İdare, Anayasa ve yasal düzenlemelerden aldığı yetki ile kural koyma, düzenleme yapma yetkisine sahiptir. Ancak, idare tarafından, düzenleyici bir işlemle, kanunun öngörmediği, uygulama alanını genişleten ve kanunu aşan bir düzenleme yapılamaz.
Hukuk düzeninde kurallar hiyerarşisi, Anayasa, kanun, tüzük, yönetmelik ve adsız düzenleyici işlemler olarak sıralanmakta ve denetime esas hiyerarşide bu şekilde kabul edilmektedir. Anılan hiyerarşinin anlamı, alt kuralın üst kurala aykırı hükümler taşıyamayacağıdır. Yazılı hukuk kurallarının yargısal denetiminde yargı organlarınca göz önünde bulundurulacak husus, bir hukuk kuralının, üst hukuk kurallarının tümüne uygunluğunun denetlenmesidir.
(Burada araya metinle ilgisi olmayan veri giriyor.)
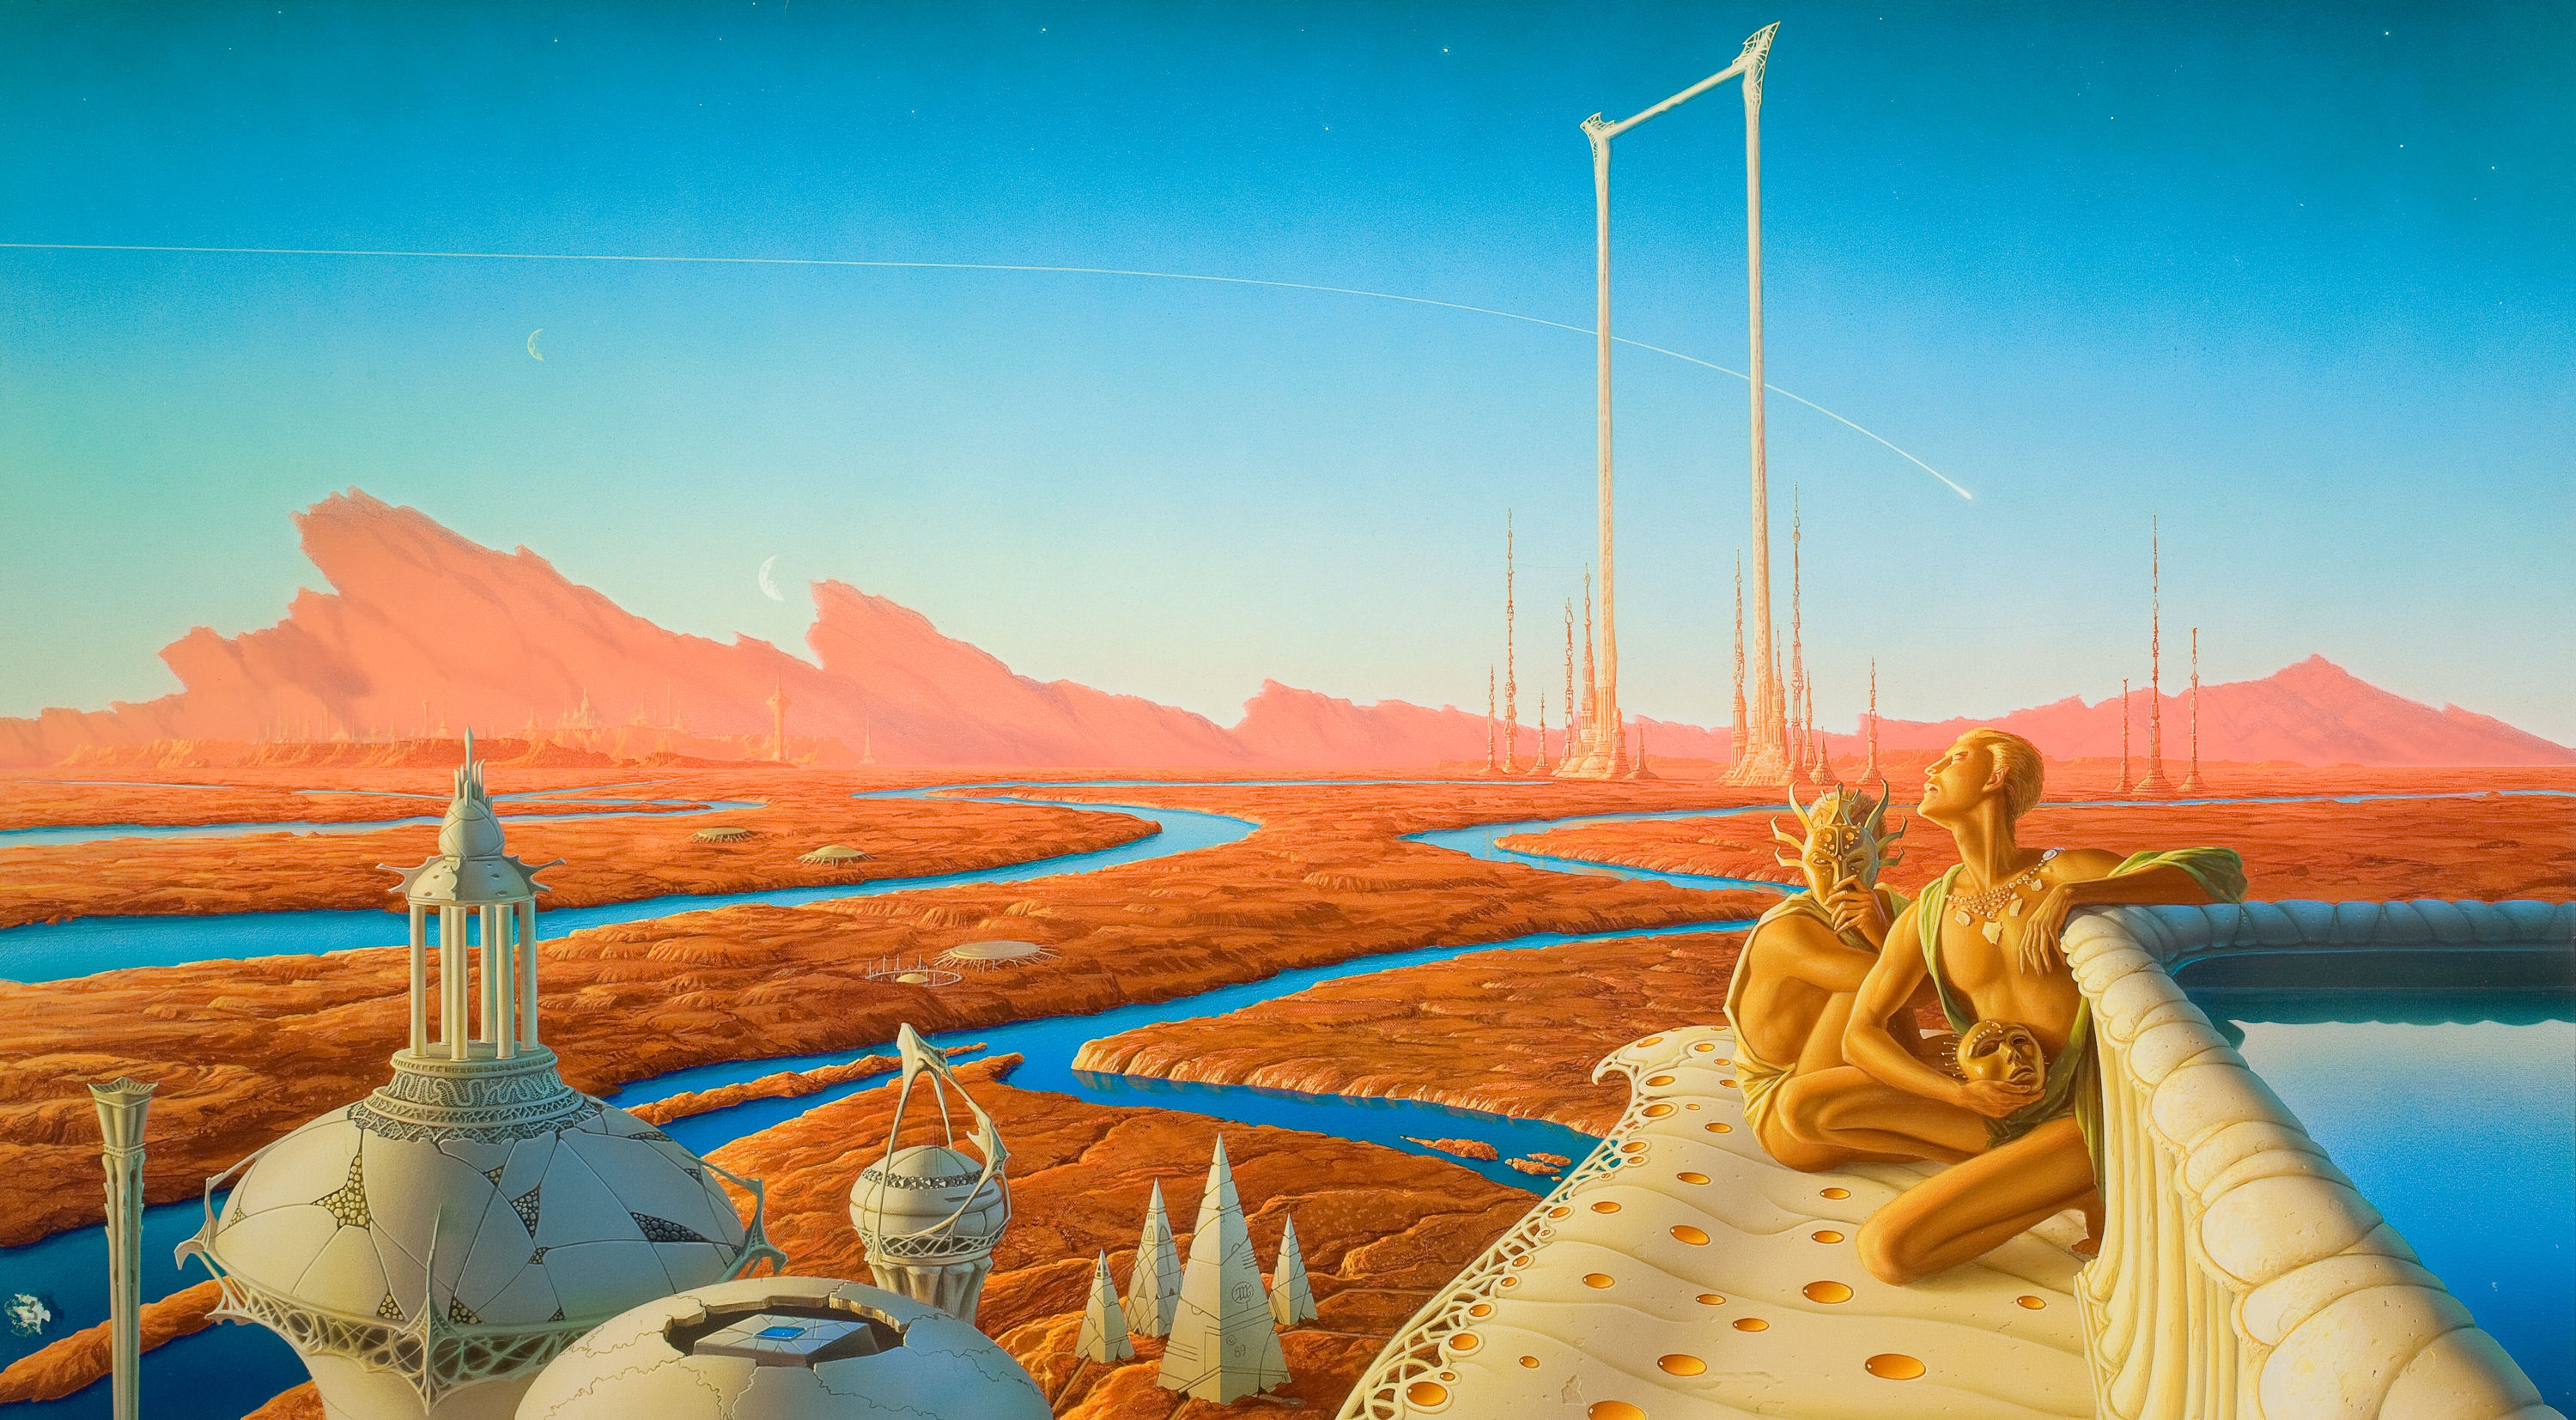 Book Cover Throwback: The Martian Chronicles by Ray Bradbury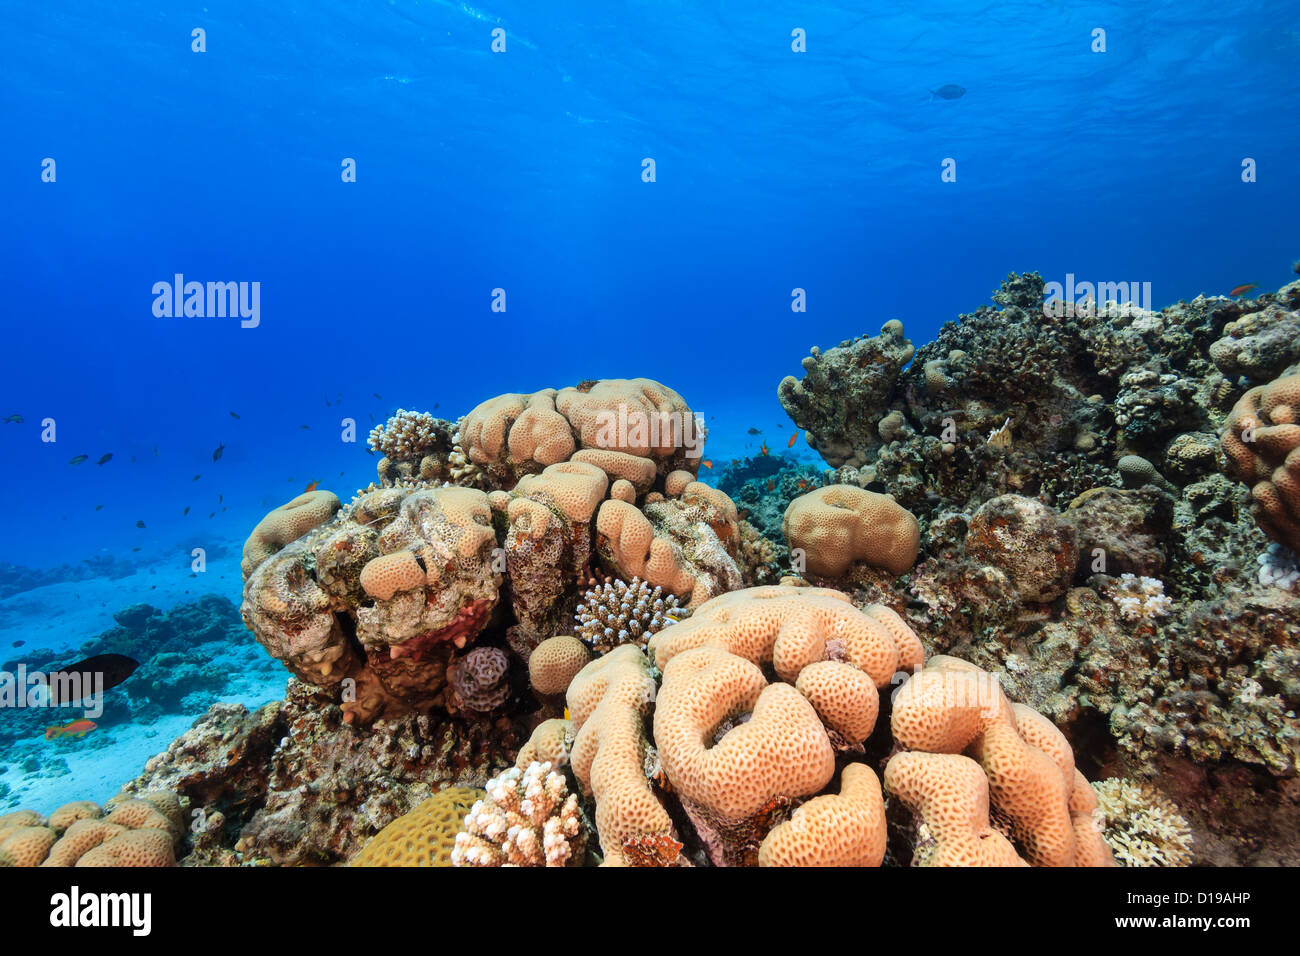 Hard corals and tropical fish on a coral reef in the Red Sea Stock Photo

Diğer bir ifadeyle, hiyerarşik olarak kendinden daha üstte bulunan herhangi bir kuralla çelişen düzenlemenin hukuka aykırı olacağı kuşkusuzdur. Bu nedenle, idarenin, takdir yetkisini kullanarak tesis ettiği düzenleyici işlemlerin, kurallar hiyerarşisi uyarınca, dayanağı olan üst hukuk kurallarına uygun olması gerekmektedir.
Uyuşmazlıkta, 7155 sayılı Kanun’un 13. maddesiyle 2004 sayılı Kanun’un 286. maddesinin birinci fıkrasının (e) bendinde yapılan değişiklikte, konkordato talebine eklenecek belgeler arasında yer alan denetim raporunun "bağımsız denetim kuruluşları" tarafından hazırlanacağı belirtildiği hâlde, dava konusu Kurul kararında bu raporun “kamu yararını ilgilendiren kuruluşlar (KAYİK) dâhil bağımsız denetim yetkisi"ne sahip denetim kuruluşları tarafından hazırlanması gerektiği hususuna yer verilmiş, böylece konkordato ön projesinde yer alan teklifin gerçekleşeceği hususunda makûl güvence veren denetim raporunu hazırlayacak denetim kuruluşları daraltılmak suretiyle kanunu aşan bir düzenleme yapılmıştır.
Yasa koyucu idaresini, denetim raporunun tüm bağımsız denetim kuruluşlarınca hazırlanması yönünde belirlemişken, davalı Kurum tarafından, uygulamada yaşandığı iddia edilen birtakım sorunlar gerekçe gösterilerek raporu hazırlayacak denetim kuruluşlarına, Kurul kararıyla Kanunu aşan bir sınırlama getirilmesinde hukuka uygunluk bulunmamaktadır.
Açıklanan nedenlerle, dava konusu Kurul kararının iptaline karar verilmesi gerektiği oyu ile karara katılmıyoruz.